Two more Tory staffers tried to block access to information

Two more Conservative staffers in the office of cabinet minister Christian Paradis tried to block the release of access-to-information documents, The Canadian Press has learned.

OTTAWA — Two more Conservative staffers in the office of cabinet minister Christian Paradis tried to block the release of access-to-information documents, The Canadian Press has learned.

In October, Paradis adviser Sebastien Togneri resigned after it was revealed he had meddled in at least three different access-to-information requests while with the Public Works Department.

Those incidents are the subject of an investigation by the information commissioner.

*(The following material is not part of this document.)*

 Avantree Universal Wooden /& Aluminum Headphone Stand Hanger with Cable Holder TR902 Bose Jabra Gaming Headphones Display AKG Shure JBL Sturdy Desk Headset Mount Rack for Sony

But two more policy advisers within Paradis’ office were also involved in dealing with records destined for public release under access-to-information legislation.

Documents obtained by The Canadian Press show that Marc Toupin and Jillian Andrews both argued against the release of material on sensitive subjects.

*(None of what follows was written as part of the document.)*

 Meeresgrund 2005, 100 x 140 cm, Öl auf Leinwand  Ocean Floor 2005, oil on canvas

In one case dealing with the members of a federal panel who wrote a damning report on asbestos, Paradis’ political office had highlighted material it did not want released.

When bureaucrats asked for an explanation, Togneri directed them to his colleague Toupin.

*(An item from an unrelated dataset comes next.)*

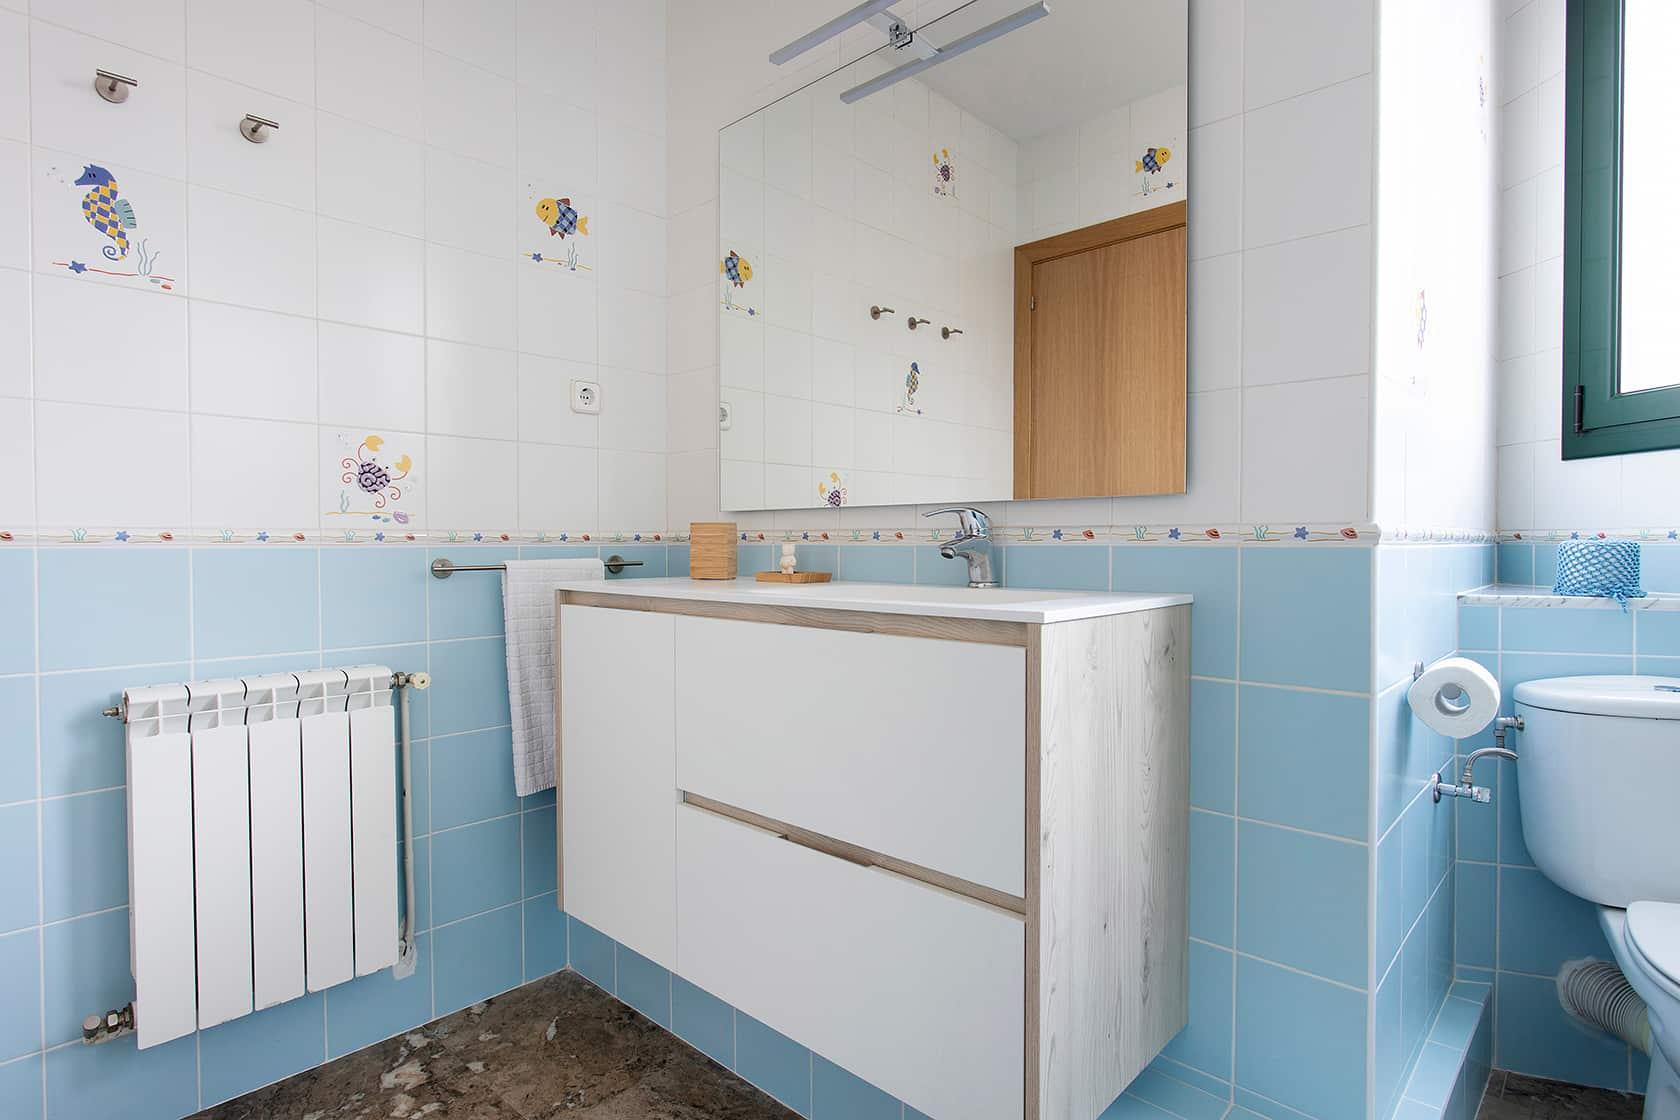 mueble lavamanos blanco

“Those comments are inappropriate and improper, not relevant to the request and should not be disclosed,” Toupin said of the material in a July 2009 email.

The manager of access to information and privacy balked at the direction.

“Please note that the Access to Information Act was created to provide access to records under the control of federal institutions and limit the application of severances,” Julie Lafrance wrote to Toupin.

“Therefore, the legislators did not include a section in the Act for ’inappropriate and improper’ comments.”

Andrews intervened in a separate access-to-information request, about preparations for U.S. President Barack Obama’s visit to Canada in February 2009. Togneri had argued with bureaucrats that only a single document should be released, and then directed them to Andrews for further “in-depth” analysis.

“Our department specifically states that the only documentation they have pertaining to this is a work stop order,” Andrews wrote in July 2009. “The document is found at the very last page of the ATIP. Therefore, this should be the only part of the ATIP to be released.”

But another bureaucrat noted in response that officials specifically mandated with collecting documents within the department had put together a much heftier package than a single work-stop order.

It is not clear in either the asbestos or the Obama case whether the documents were ultimately released to the requester. The Canadian Press only asked for correspondence on the processing of four access-to-information files in 2009.

Paradis, now natural resources minister, was asked in October about other staff in his office who might have intervened in access requests, but did not directly answer the question.

A spokesman emphasized Wednesday that Paradis had already accepted the resignation of the person in charge of access to information at the time — Sebastien Togneri.

“The minister then forwarded the file to the information commissioner and is looking forward to her recommendations,” said Richard Walker, Paradis’ director of communications.

Bloc Quebecois Leader Gilles Duceppe rejected the notion that Togneri answered for the actions of others in the Paradis office.

“I think those people should be responsible for what they did, or the minister, since he said that he’s ultimately the one responsible for everything in his office,” Duceppe told reporters.

Prime Minister Stephen Harper’s chief of staff, Guy Giorno, issued a memo to all political staff in February, reminding them of the content of the Access to Information Act.

“No political staff member has received a delegation of authority under the Act and therefore no political staff member has authority to make access-to-information decisions,” Giorno wrote.

The office of the information commissioner is currently investigating the cases involving Togneri. The former staffer had ordered bureaucrats to retrieve a package of documents from the Public Works mailroom in the summer of 2009 that were destined for The Canadian Press.

He told a Commons committee the following spring that it was a “mistake” and it was the only time he had taken such action, but other incidents were later revealed in more documents.

Togneri and Andrews were asked to appear at the committee at a later date, but the Conservatives announced in May that ministers would take full responsibility for the actions of their staffs and appear on their behalf.